Судьба Таракановой, между тем, не улучшилась. Московские празднества в честь мира с Турцией заставили о ней на некоторое время позабыть. После их окончания ей предложили новые обвинительные статьи и новые вопросные пункты. Был призван и напущен на нее сам Шешковский. Допросы усилились. Добиваемая болезнью и нравственными муками, в тяжелой, непривычной обстановке и в присутствии бессменных часовых, она с каждым днем чахла и таяла. Были часы, когда ждали ее немедленной кончины.

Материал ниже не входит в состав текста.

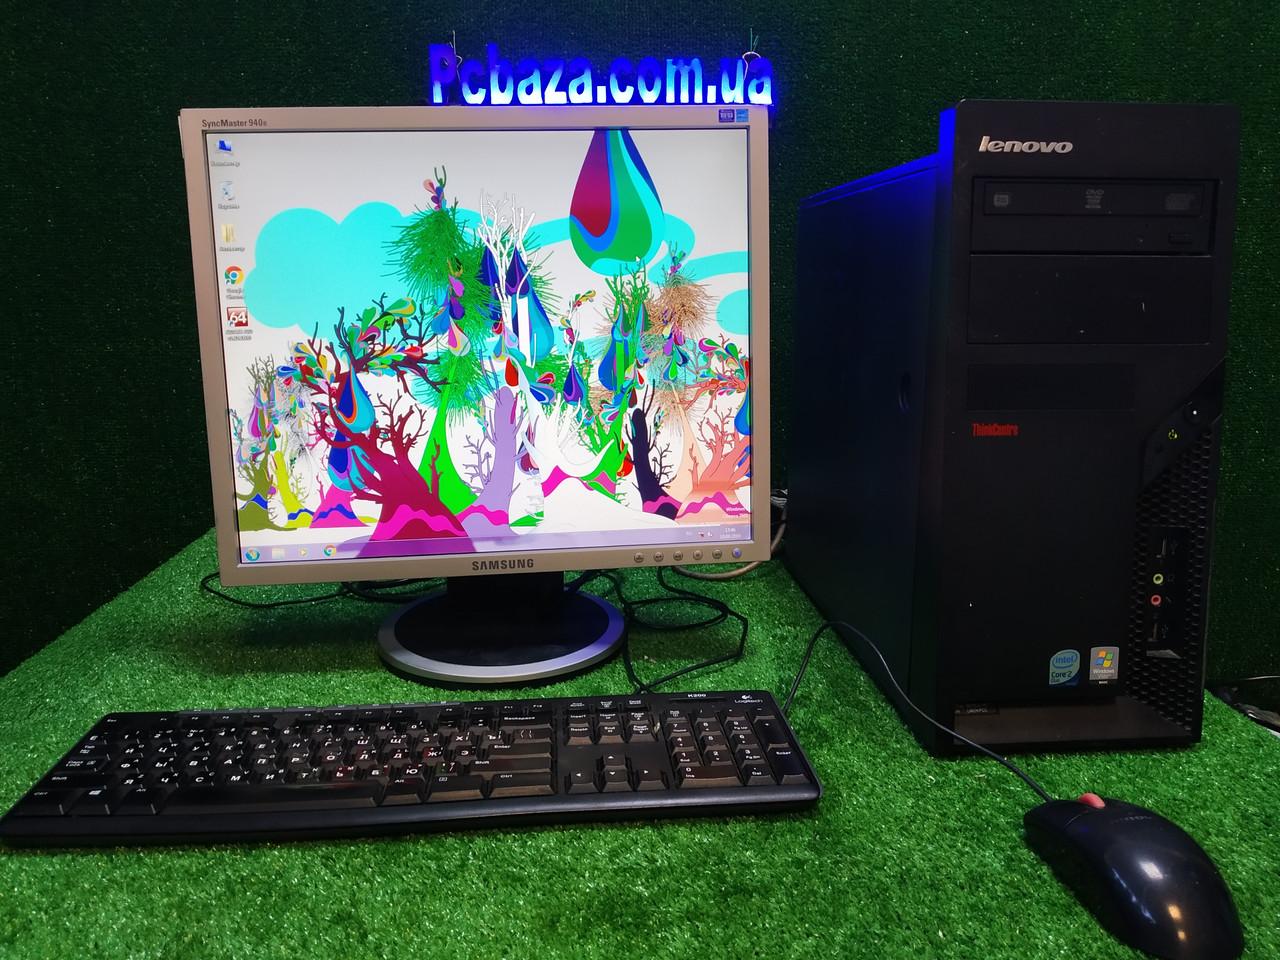 "Комплект настроенный Lenovo, 4 ядра, 4 ГБ, 160 Гб HDD +монитор 19"" Samsung"
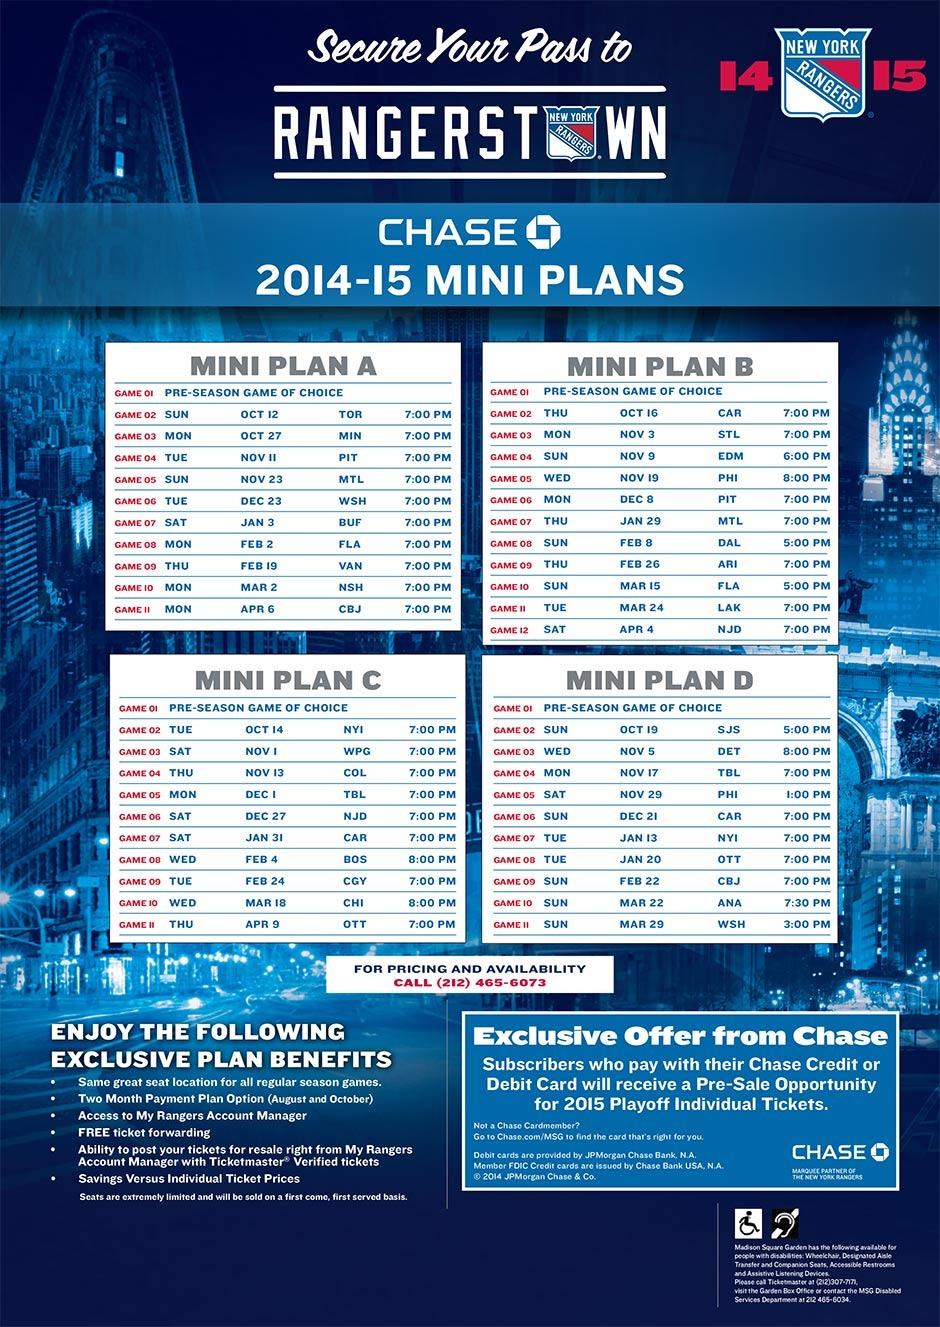 photograph regarding New York Rangers Printable Schedule called 49+] Fresh new York Rangers Program Wallpaper upon WallpaperSafari

После одного из таких дней арестантка схватила перо и набросала письмо императрице.
«Исторгаясь из объятий смерти, – писала она, – молю у Ваших ног. Спрашивают, кто я? Но разве факт рождения может для кого-либо считаться преступлением? Днем и ночью в моей комнате мужчины. Мои страдания таковы, что вся природа во мне содрогается. Отказав в Вашем милосердии, Вы откажете не мне одной…»
Императрица досадовала, что еще не могла оставить Москвы и лично видеть пленницу, которая вызывала к себе то сильный ее гнев, то искреннее, невольное, тайное сожаление.
В августе фельдмаршал Голицын опять посетил пленницу.
– Вы выдавали себя персианкой, потом родом из Аравии, черкешенкой, наконец, нашею княжной, – сказал он ей, – уверяли, что знаете восточные языки; мы давали ваши письмена сведущим людям – они в них ничего не поняли. Неужели, простите, и это обман?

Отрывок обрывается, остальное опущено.